# Please help! Newbie considering egg donation and sperm donation at Reprofit



## Candee (Feb 1, 2009)

Hi,
I have been single for five years - I am 41. 
I was hoping to go for ivf with donor sperm but I have just found out that my ovarian reserve is low, amh of 5.6 and so I 
am considering going abroad for IVF with donor eggs at Reprofit. I am worried that if i try for ivf over here and it fails, 
because of the age of my eggs/ lack of eggs, that i won't have enough money to then go for donor eggs. 
I have read on here that people are importing sperm from Norway to the Reprofit clinic and i wondered why this is?

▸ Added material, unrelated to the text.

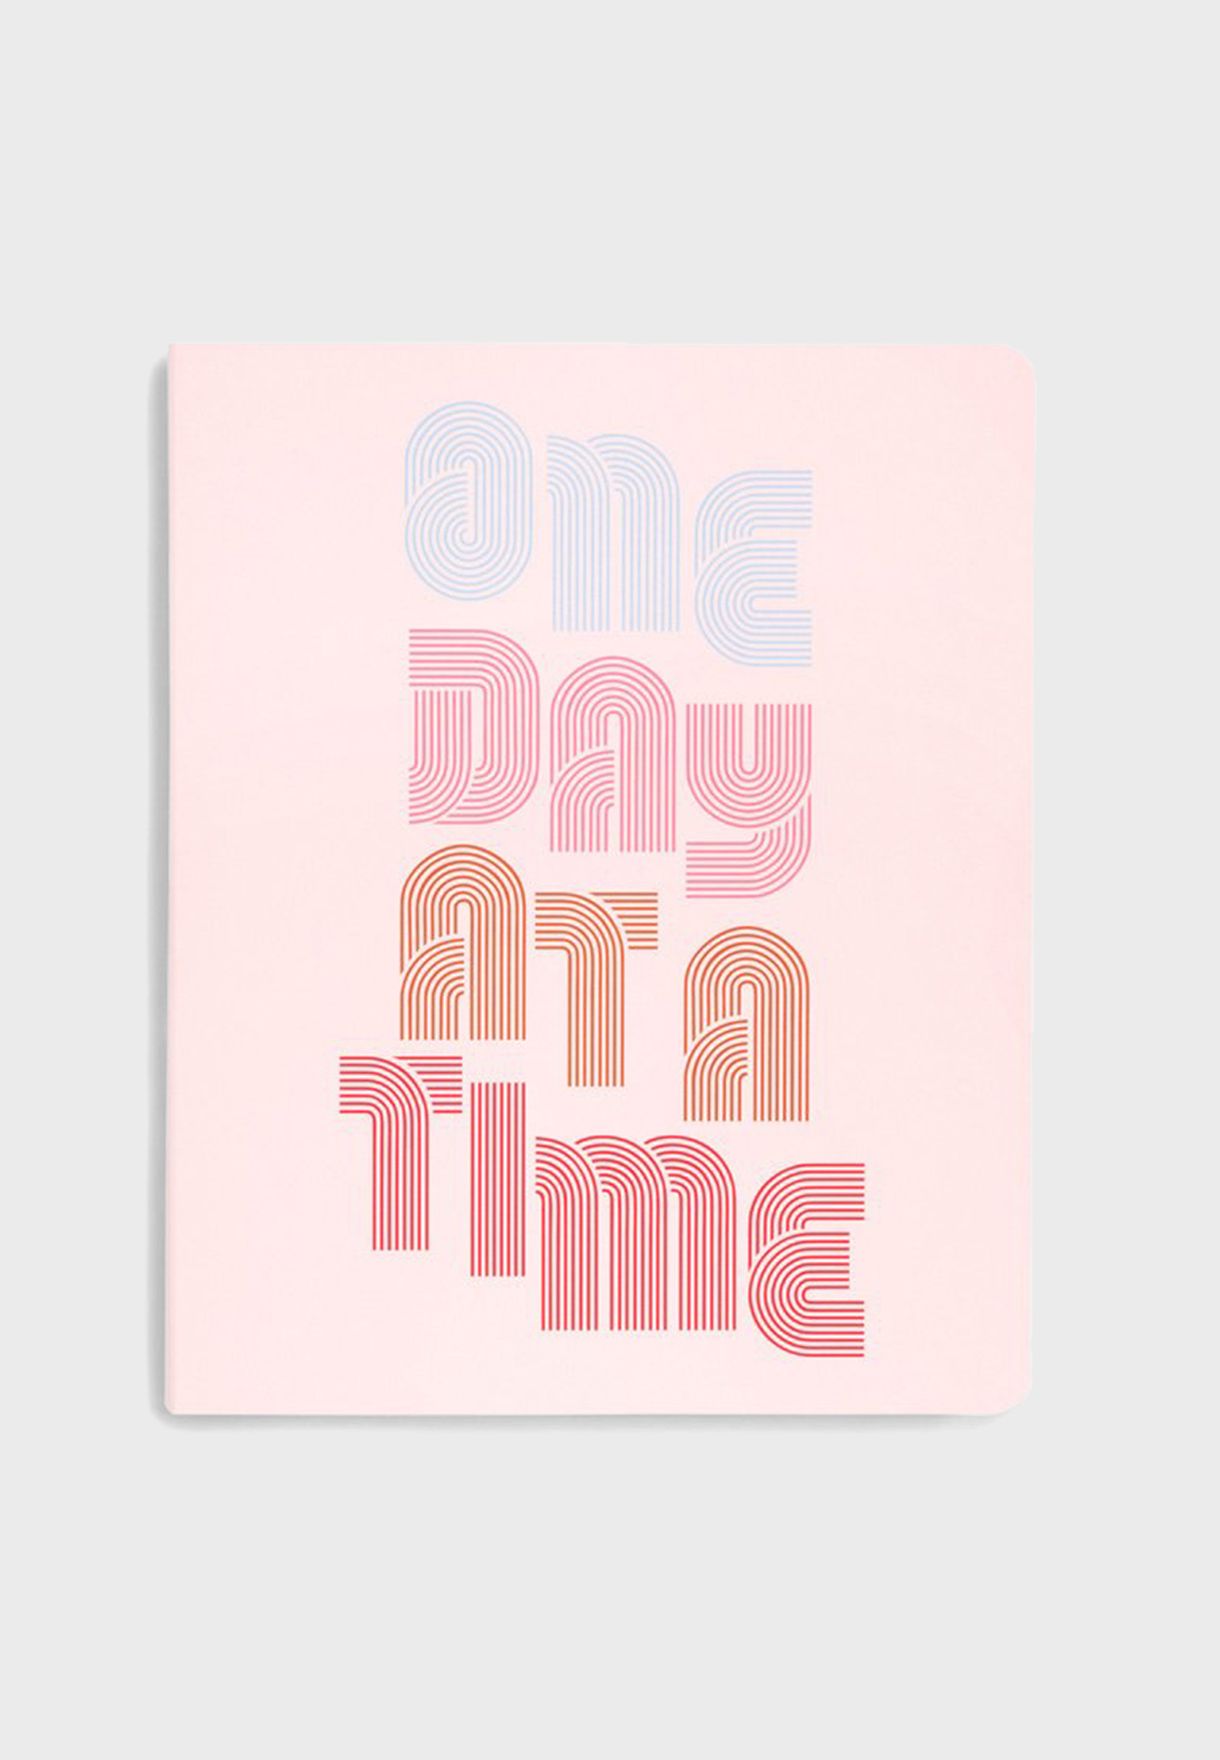 One Day At A Time To Do Planner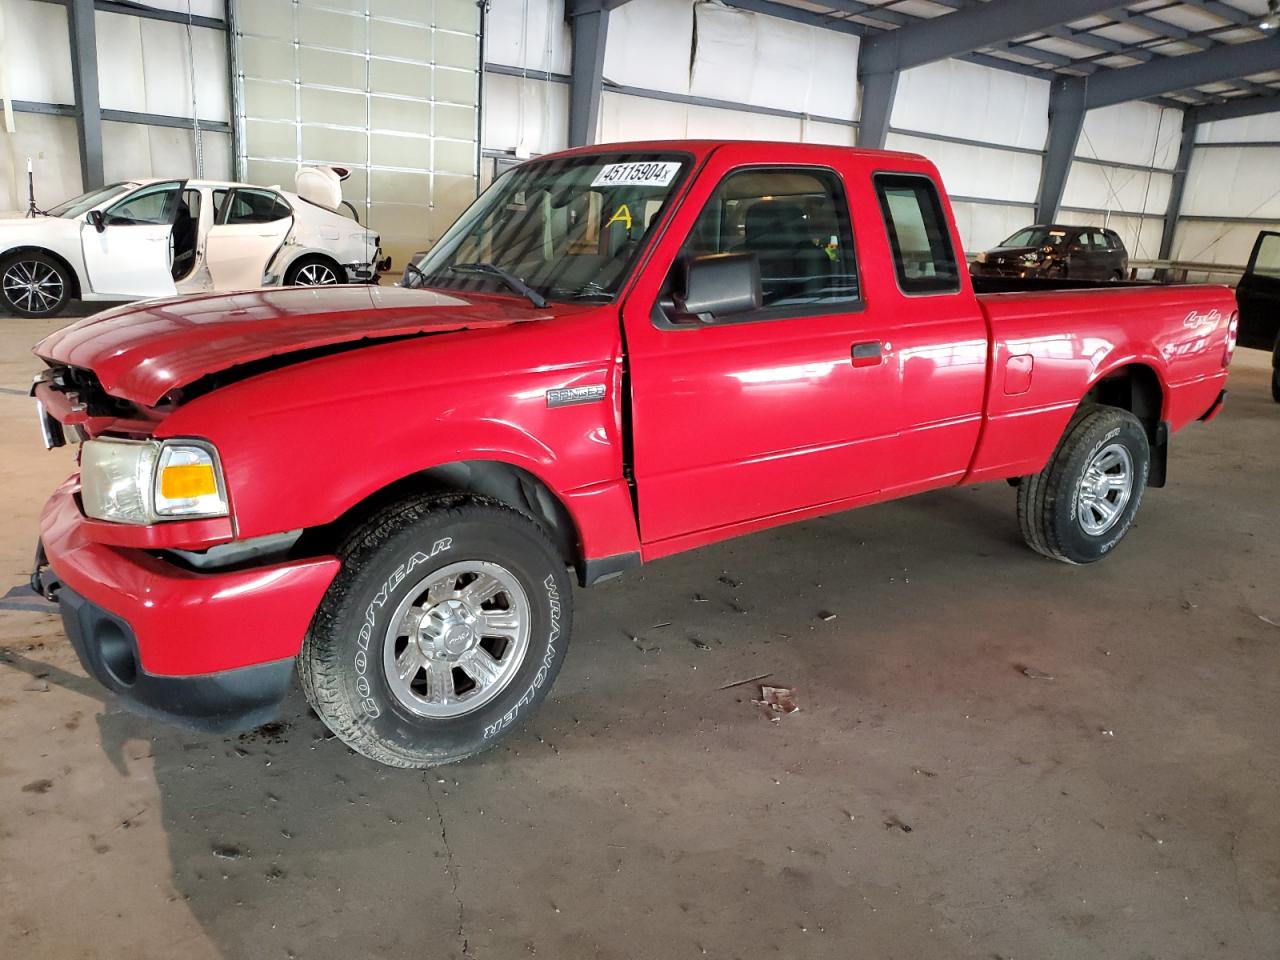 vin: 1FTZR15E89PA04096 1FTZR15E89PA04096 2009 ford ranger 4000 for Sale in 98338 9206, Wa - Graham, Graham, USA

Why do 
you not use theirs? Could you let me know? 
Also does the fact that it is frozen sperm have any impact on success rates? 
And finally, does anyone know what the waiting list for eggs at Reprofit is?
Thank you in advance. Sorry to ask so many questions, but finding this board is such a relief!


----------



## Klingon Princess (May 10, 2007)

DEar Jandee... if you are having both sperm and egg donation, why not consider embryo 'adoption' which is more or less the same thing anyway. Come and have a chat with us on the embryo adoption thread for Reprofit... the gfirls there are very knowedgeable... but basically the clinic guarantee you two grade one blastocysts (five dayold embies) and the cost is in the region of 1000 euros.


----------



## winky77 (Nov 27, 2007)

Hi Jandee....another quick response !  Just happened to see your post pop up! 

I am one of the Reprofit girls but still pursuing IVF with my own eggs at the moment cos luckily my results are still good.  The main reason why quite a few of us have imported sperm to Reprofit (and mostly from the European Sperm Bank in Denmark) is to get over the anonymity bit.  Sperm from Czech is anonymous so wouldn't know much information....or give the child the chance to trace heritage in the future.  It's obviously a very personal decision but it bothered me enough to import...which is a higher cost than using theirs.  That said you may see on the Single abroadies thread that we had a bit of concern about getting Reprofit to confirm a birth back to Denmark so that it was officially recorded for the future....not sure we have bottomed that one out yet! 

On donor eggs, I think the waiting list is getting longer cos of the increasing popularity of the clinic....up to about a year now.  Another option that some people have gone for is donor embryos which seems to be a shorter wait.  Don't know too much about this but someone will be along soon to explain I am sure! 

On frozen sperm.....any sperm through a clinic is frozen because it has to be quarantined for 6 months and retested before being used ....so getting sperm imported from a spermbank is just the same as that.  You can only get the fresh stuff if you are doing stuff the conventional way!  (or home insemination with a known donor).  Even if you have someone to donate sperm for you to use at a clinic, they won't work with it unless it's gone through the 6 month period......unless they are your partner/hubbie.   
Not sure what the difference might be on success rates but donor sperm is checked for quality anyway so you know you are getting decent stuff....if you know what I mean!! 

Welcome to the threads.....and wish you well with your journey.....ask away with your questions as there's a fantastic amount of knowledge on here!! 

lol

..Winky  

ps....see someone came along on the Embryo donation bit already!!


----------



## ♥JJ1♥ (Feb 11, 2006)

Jandee - welcome to the thread, I am not at Reprofit I am using DE in Spain and do not need sperm as I have a dear friend being my known donor and we use fresh sperm, but there are plenty of girls at Reprofit, so I am sure that they will be along soon.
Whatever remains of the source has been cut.